Although this isn’t a full ban, the licensing requirement poses a near-term headwind. Nvidia hasn’t specified how much of its China-related revenue is at risk, but the market isn’t taking it lightly. For context, Nvidia generated $17.1 billion in revenue from China in its fiscal 2025, accounting for about 13.1% of total annual sales based on customer billing locations. While that’s a meaningful chunk, it’s also important to note that Nvidia has already adapted to export controls in the past.

The company launched modified chips tailored to meet prior U.S. regulatory standards, and its data center revenue from China still grew in fiscal 2025. However, that market remains highly competitive, and the possibility of retaliatory measures from the Chinese government or further restrictions on Nvidia or its suppliers adds a layer of uncertainty.

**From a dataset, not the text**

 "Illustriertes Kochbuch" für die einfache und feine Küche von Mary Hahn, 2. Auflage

Nvidia’s Fundamentals Remain Solid

Still, these challenges will unlikely shake Nvidia’s core business. The company delivered a solid $130.5 billion in revenue in fiscal 2025 (FY25), more than double the previous year. The key driver behind this growth was its data center segment, which surged to $115.2 billion in revenue on the back of solid demand for its artificial intelligence (AI)-focused GPUs.

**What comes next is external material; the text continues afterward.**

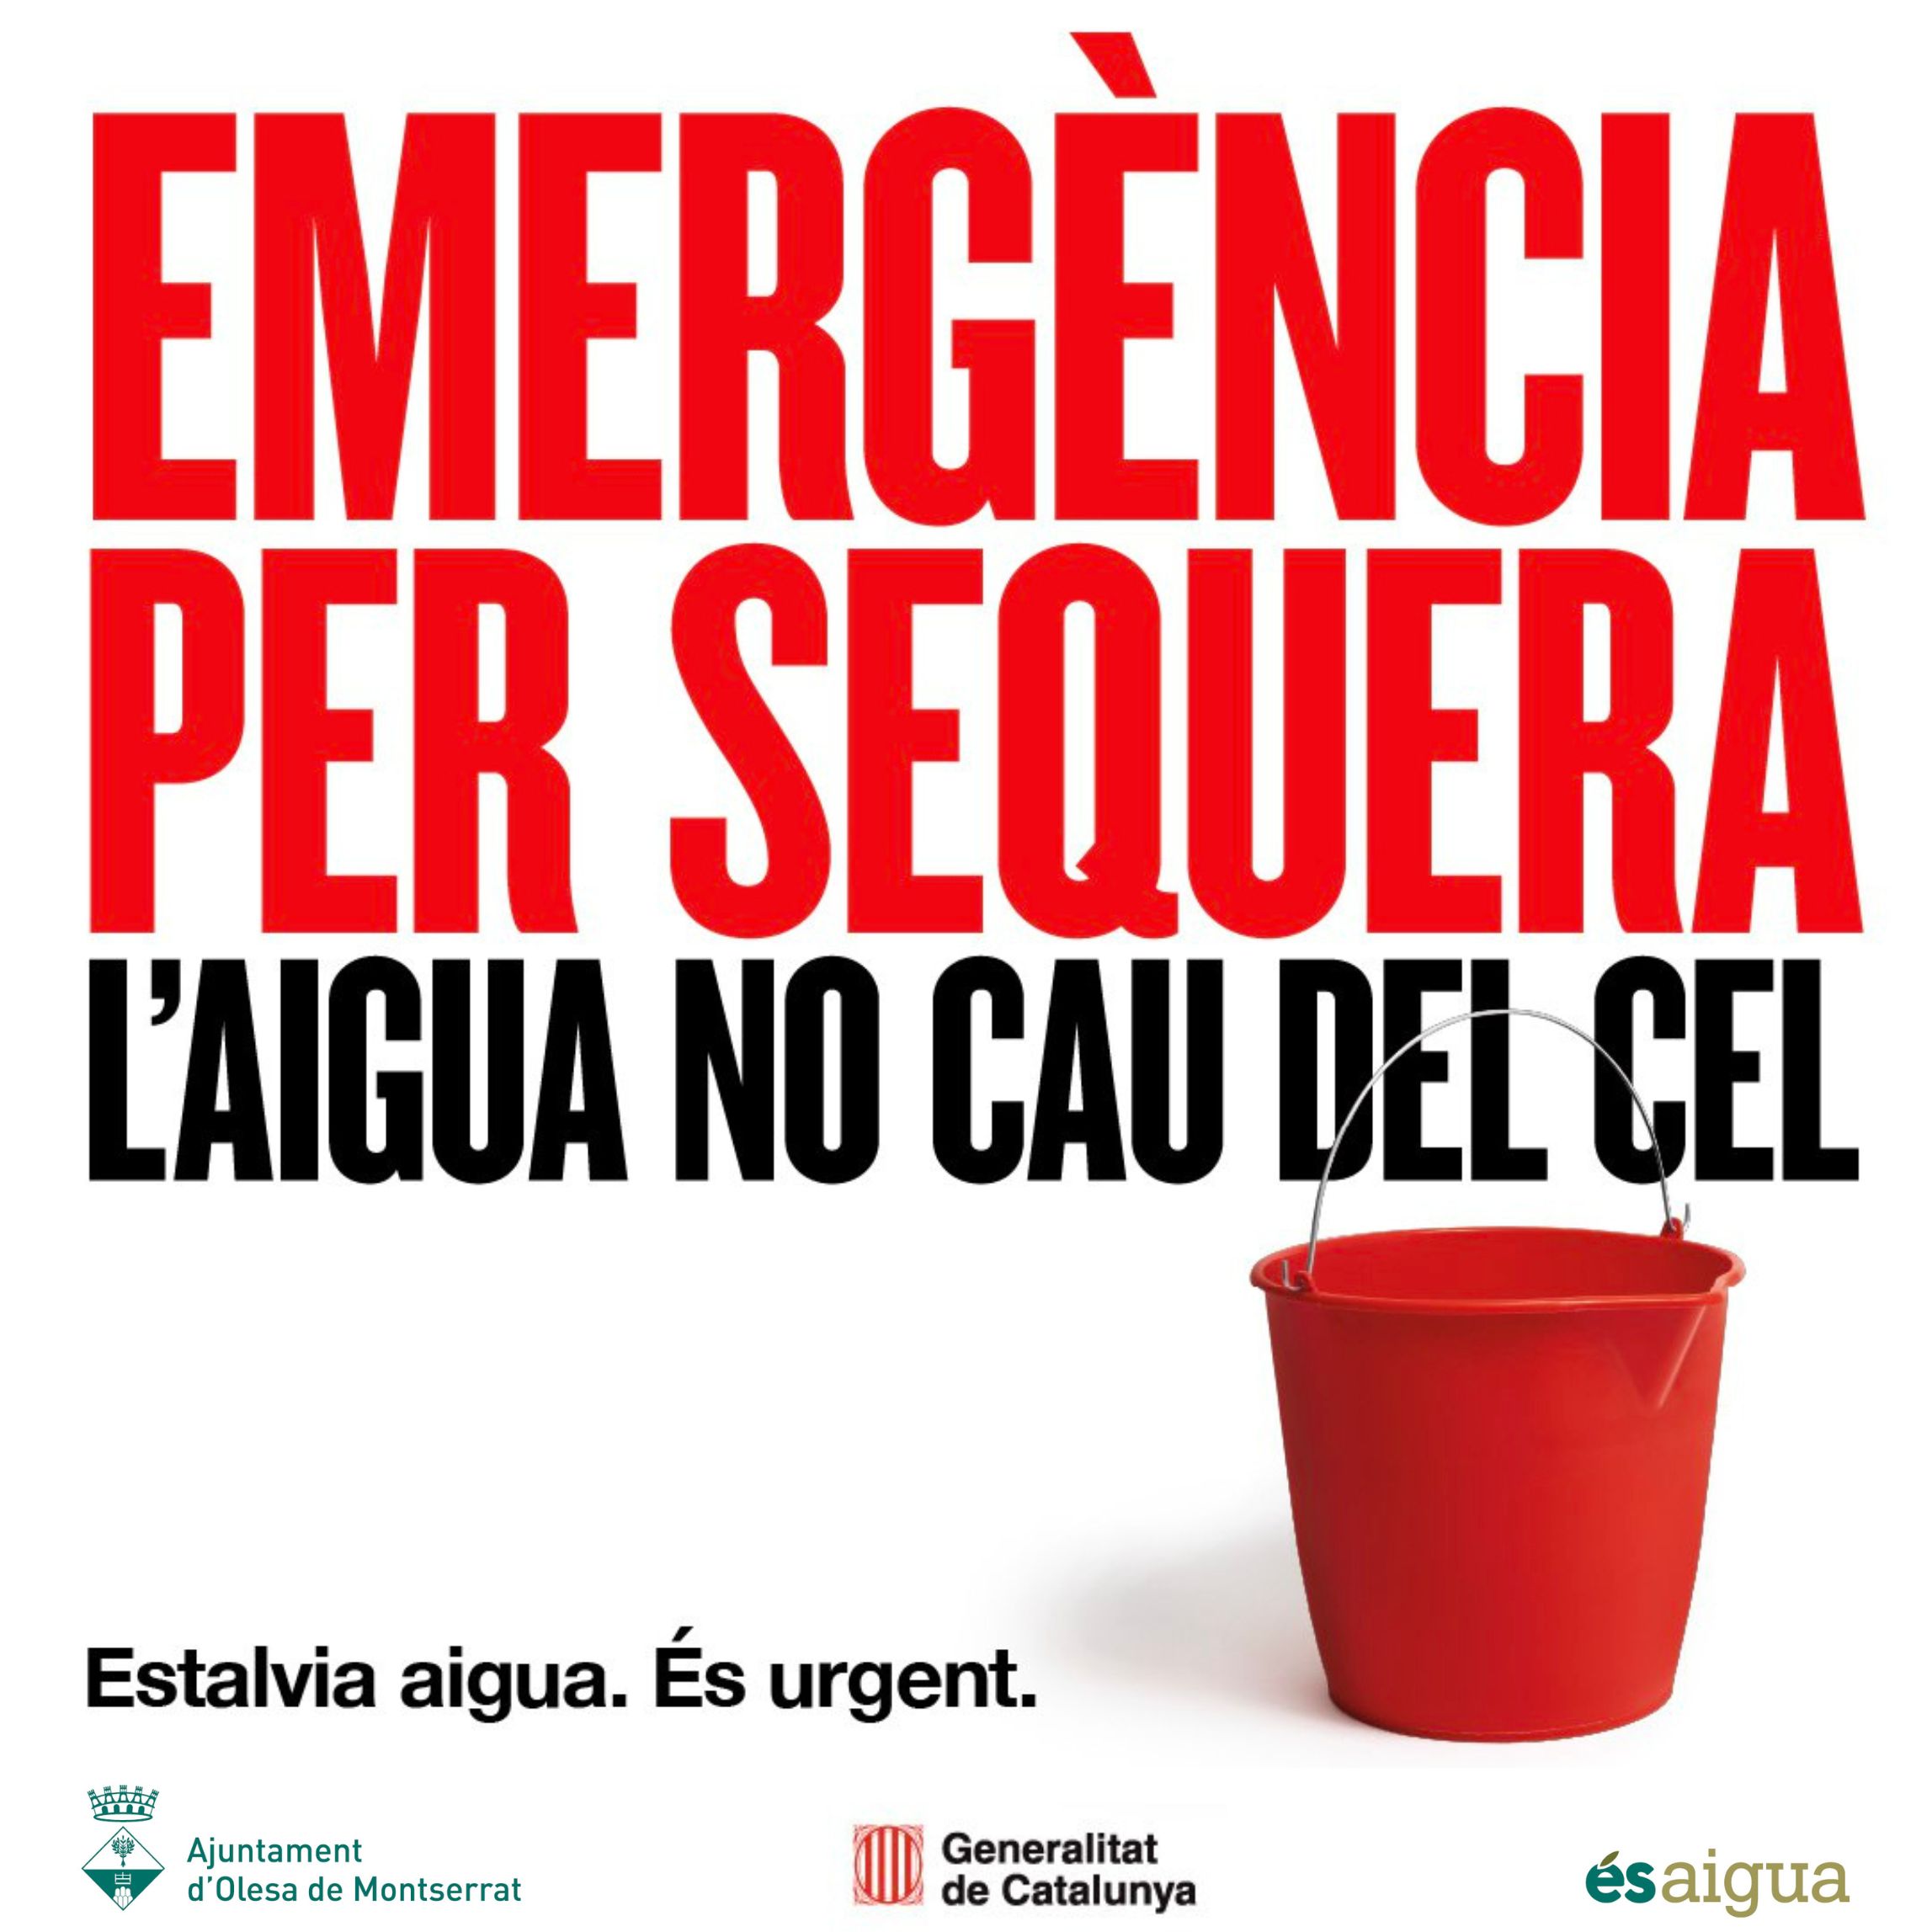 Cartell de la campanya d'estalvi d'aigua per l'emergència per sequera

The momentum in its data center business looks solid and will likely continue supporting its top and bottom lines. Nvidia’s newly launched Blackwell platform, which succeeds the already-successful Hopper architecture, is breaking records with its rapid adoption. In just one quarter, Blackwell brought in $11 billion in sales. The platform is engineered for next-gen AI workloads and dramatically improves efficiency, slashing inference costs by up to 20 times versus its predecessor while boosting performance.

Despite new low-cost entrants like DeepSeek trying to compete, demand for Nvidia’s high-end chips remains extremely strong. The global buildout of AI infrastructure continues to rely heavily on Nvidia’s full-stack solutions, including hardware, software, and networking capabilities.

Major tech companies are all-in on Nvidia’s AI technologies. Cloud giants are rolling out Nvidia’s GB200 systems, and spending from large internet firms has tripled. This trend strengthens the expectation that Nvidia’s data center business will stay on a solid growth trajectory through FY26 and beyond.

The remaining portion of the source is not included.